**WORK TO COMPLETE**. Copy all the lines of the listing below exactly. Skip the images.

**MATERIAL PROVIDED**.
--------
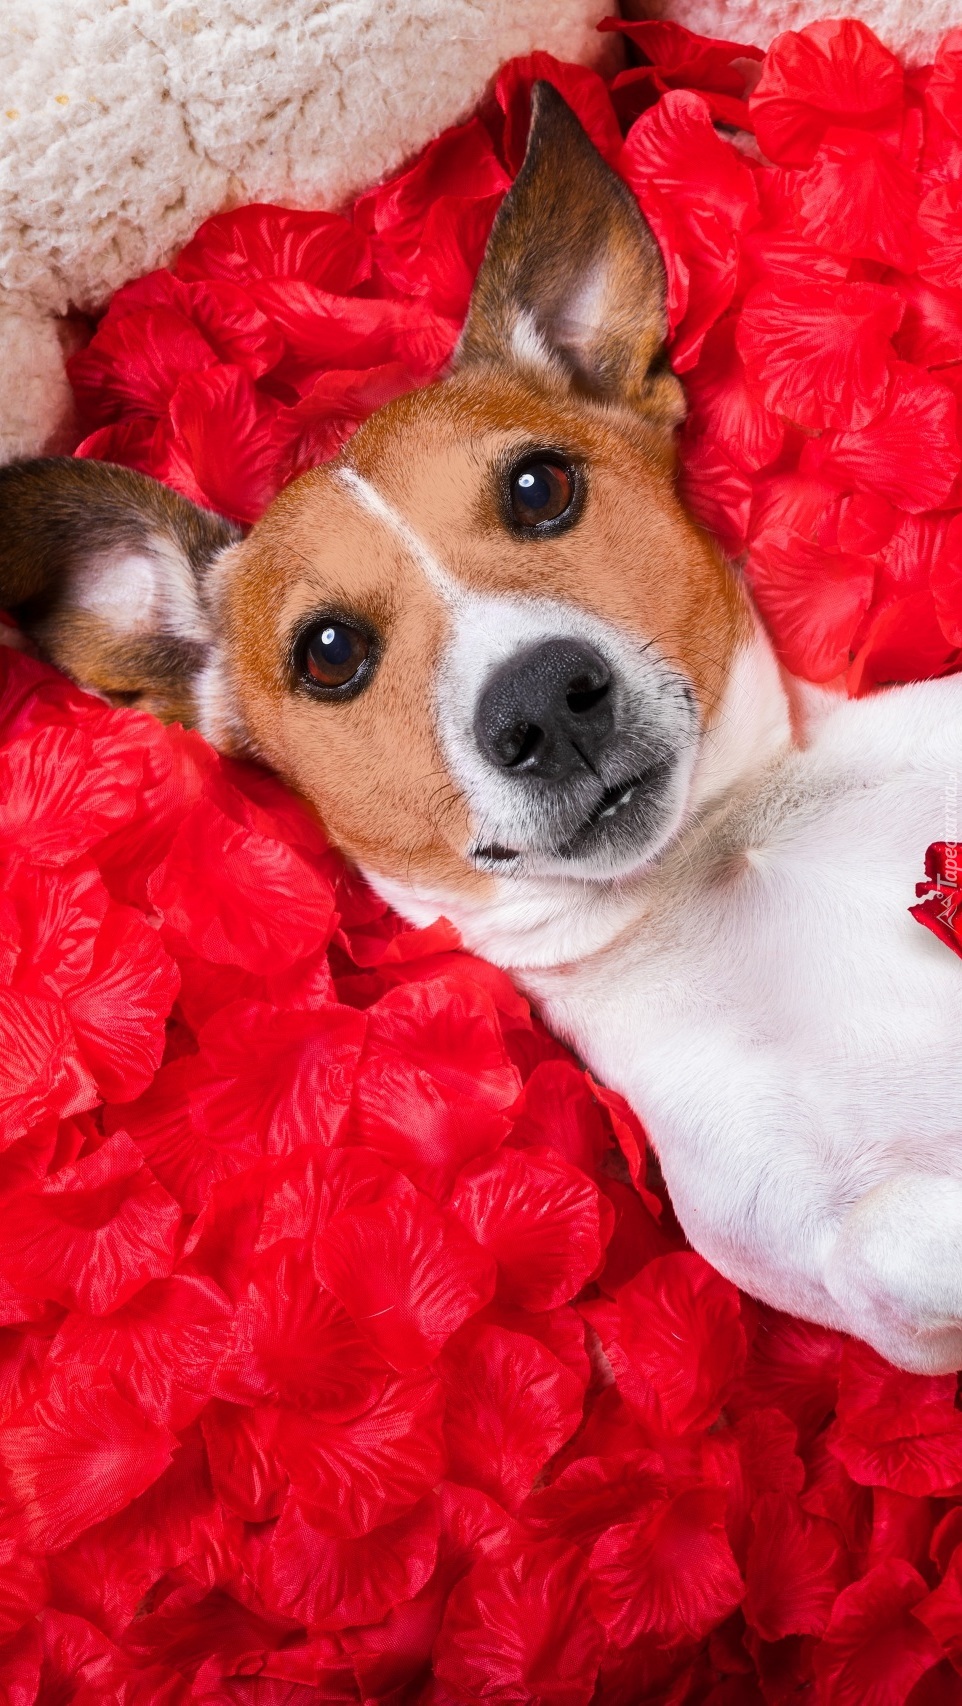 Jack Russell terrier  na płatkach róż
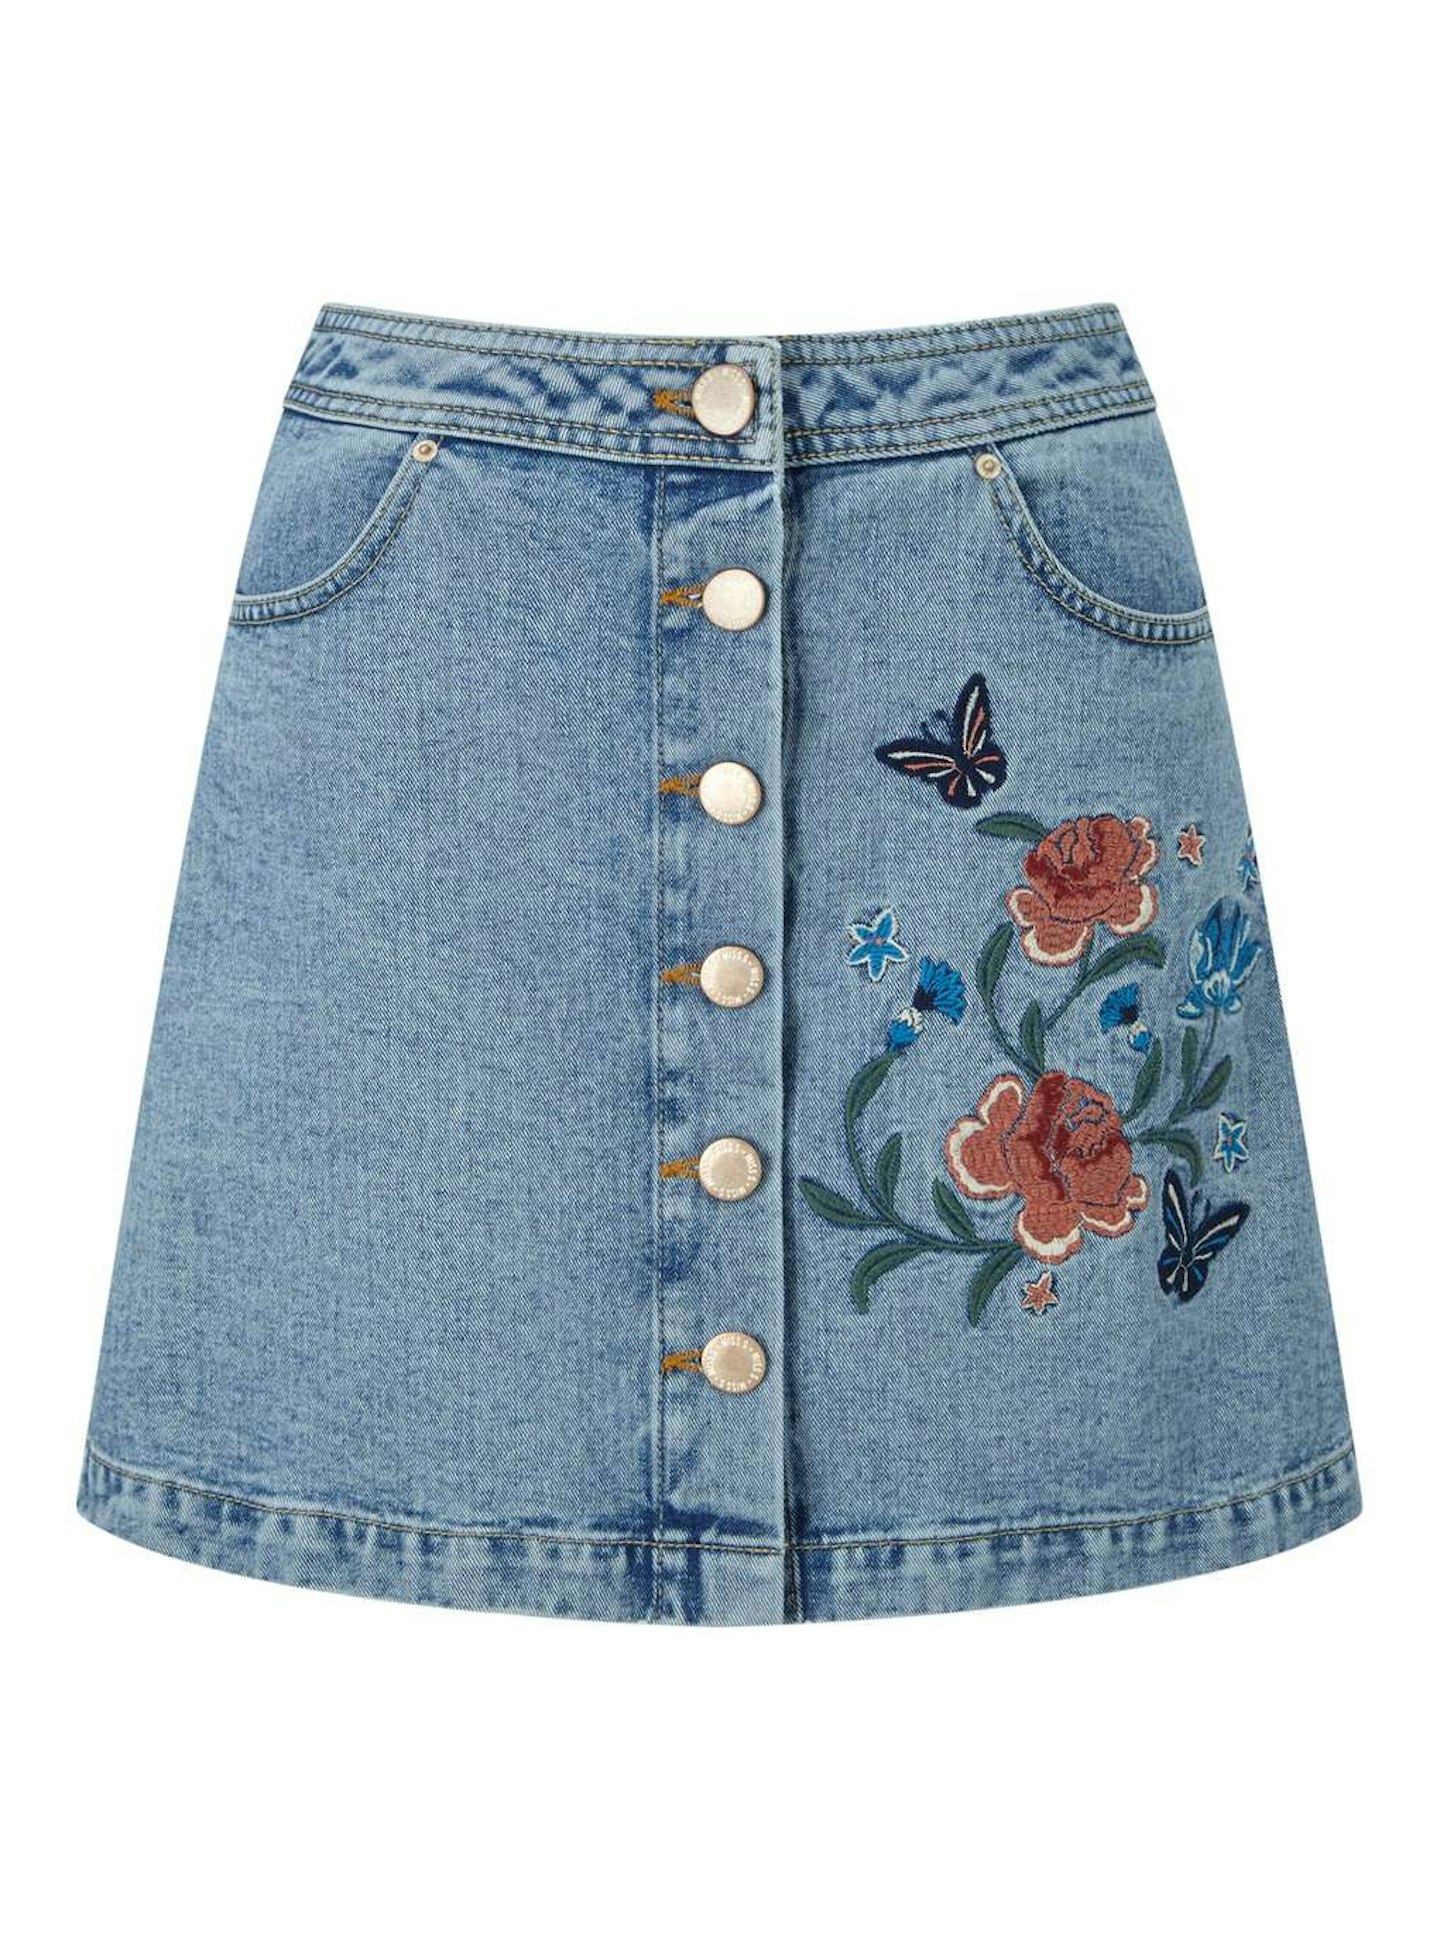 Miss Selfridge Floral Embroidered Denim Skirt £35
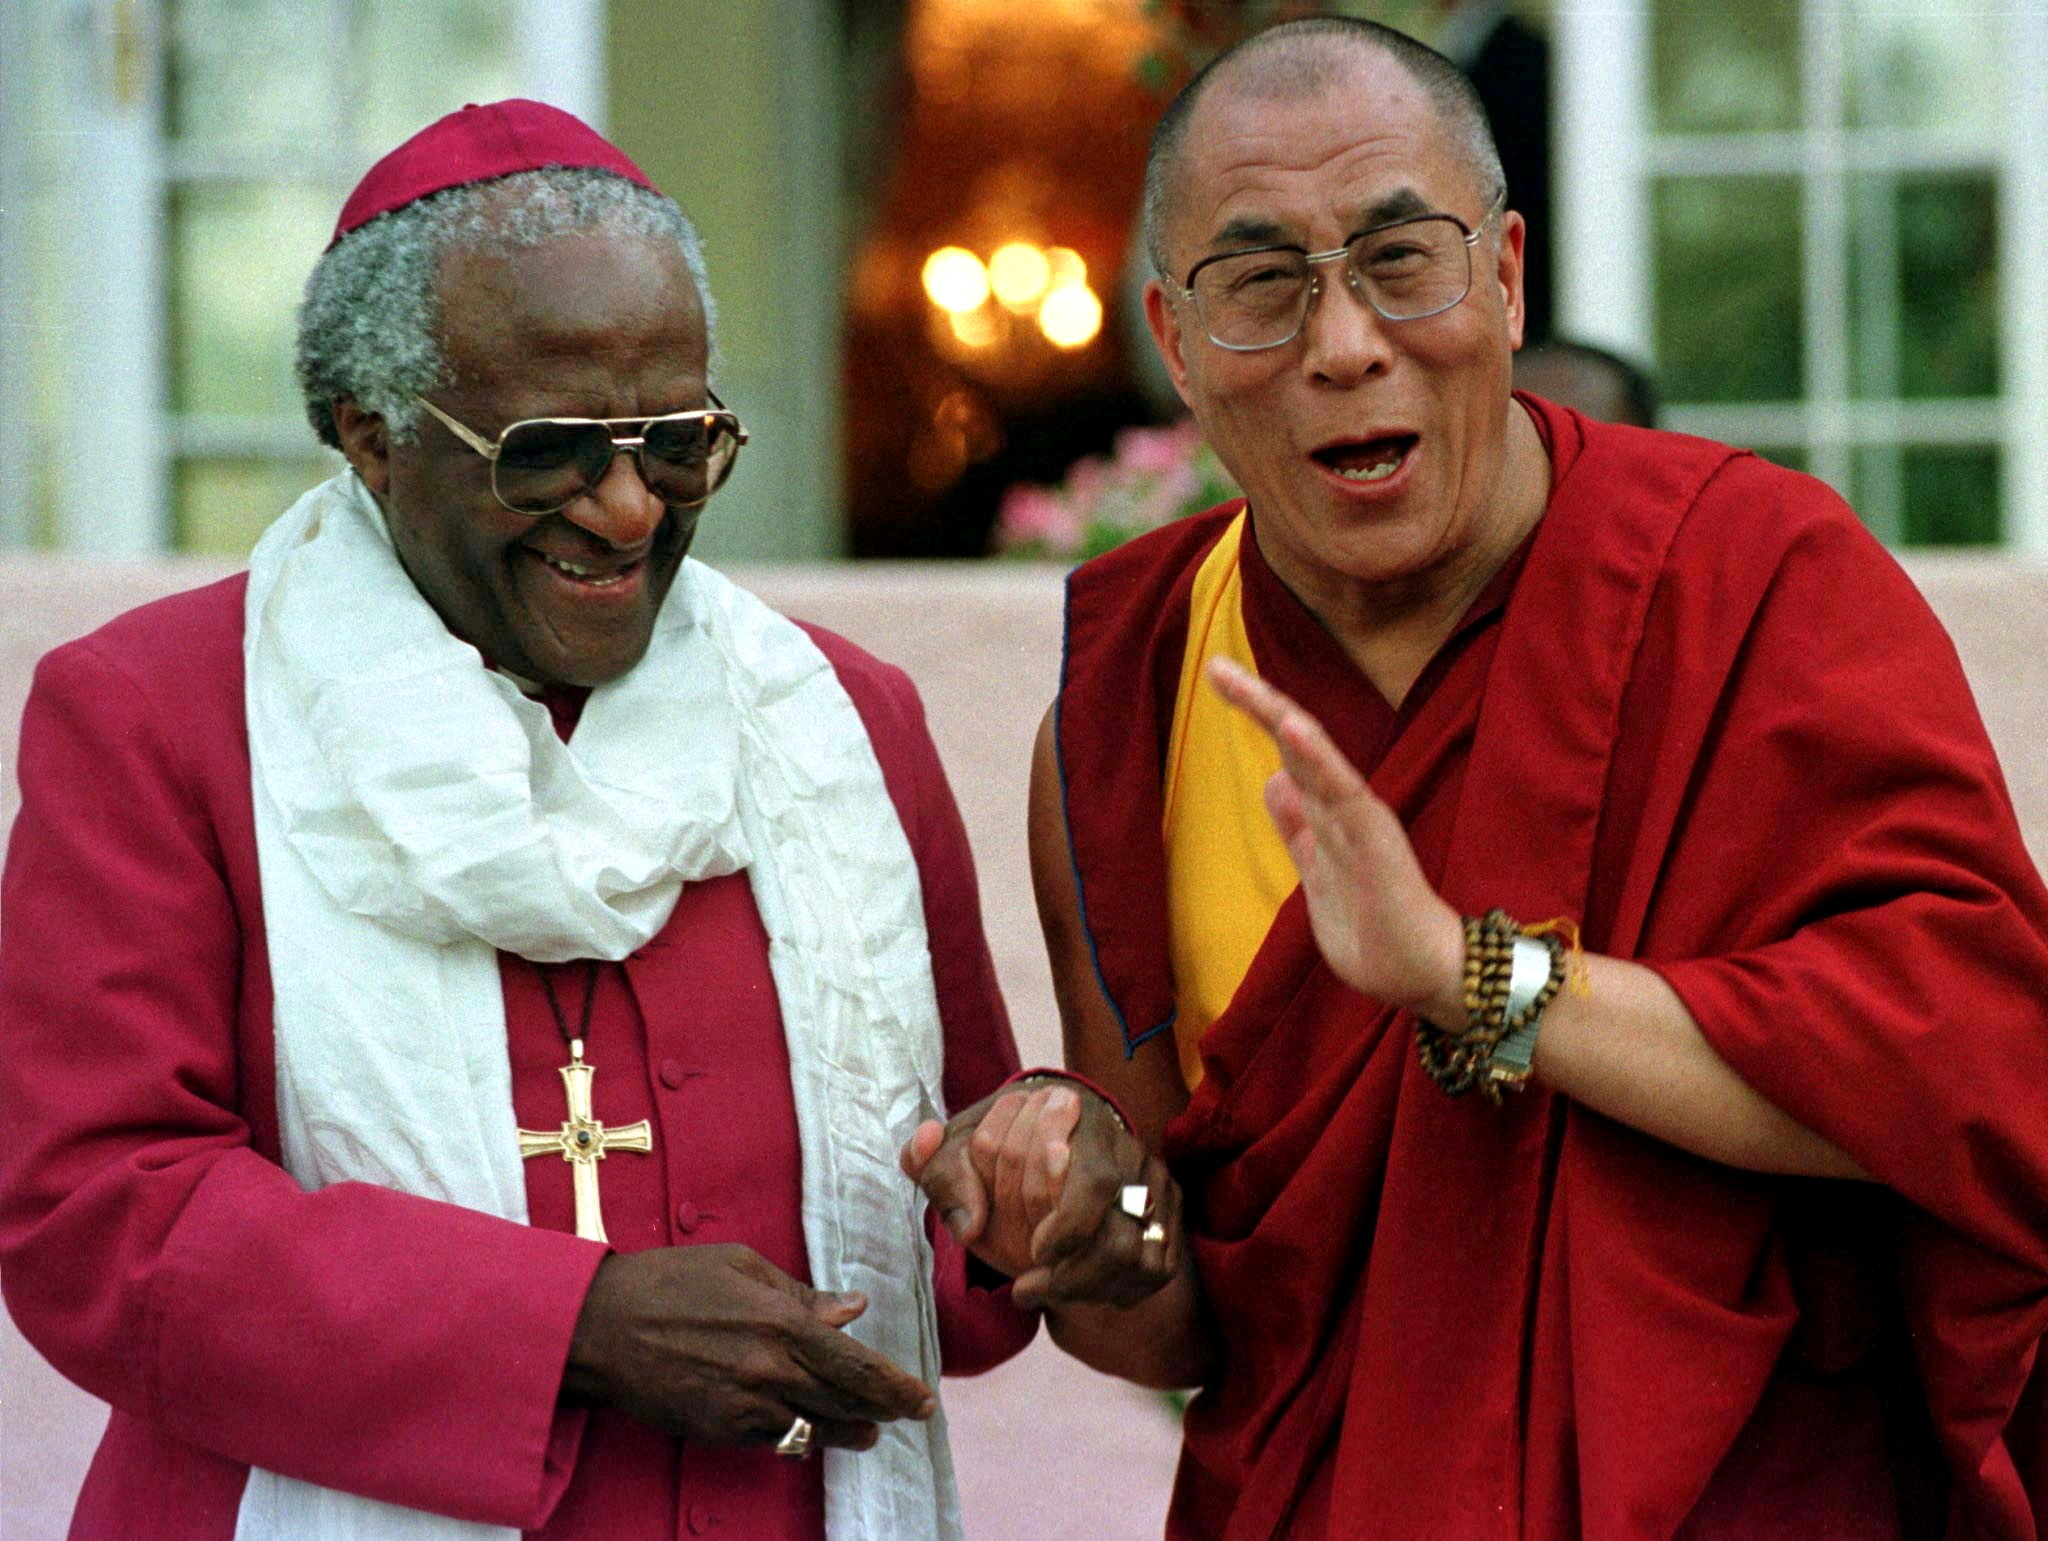 Archbishop Desmond Tutu shares a joke with the Dalai Lama after their meeting, August 21. The Dalai ..
--------
**WRITTEN ANSWER**.
 Jack Russell terrier  na płatkach róż
 Miss Selfridge Floral Embroidered Denim Skirt £35
 Archbishop Desmond Tutu shares a joke with the Dalai Lama after their meeting, August 21. The Dalai ..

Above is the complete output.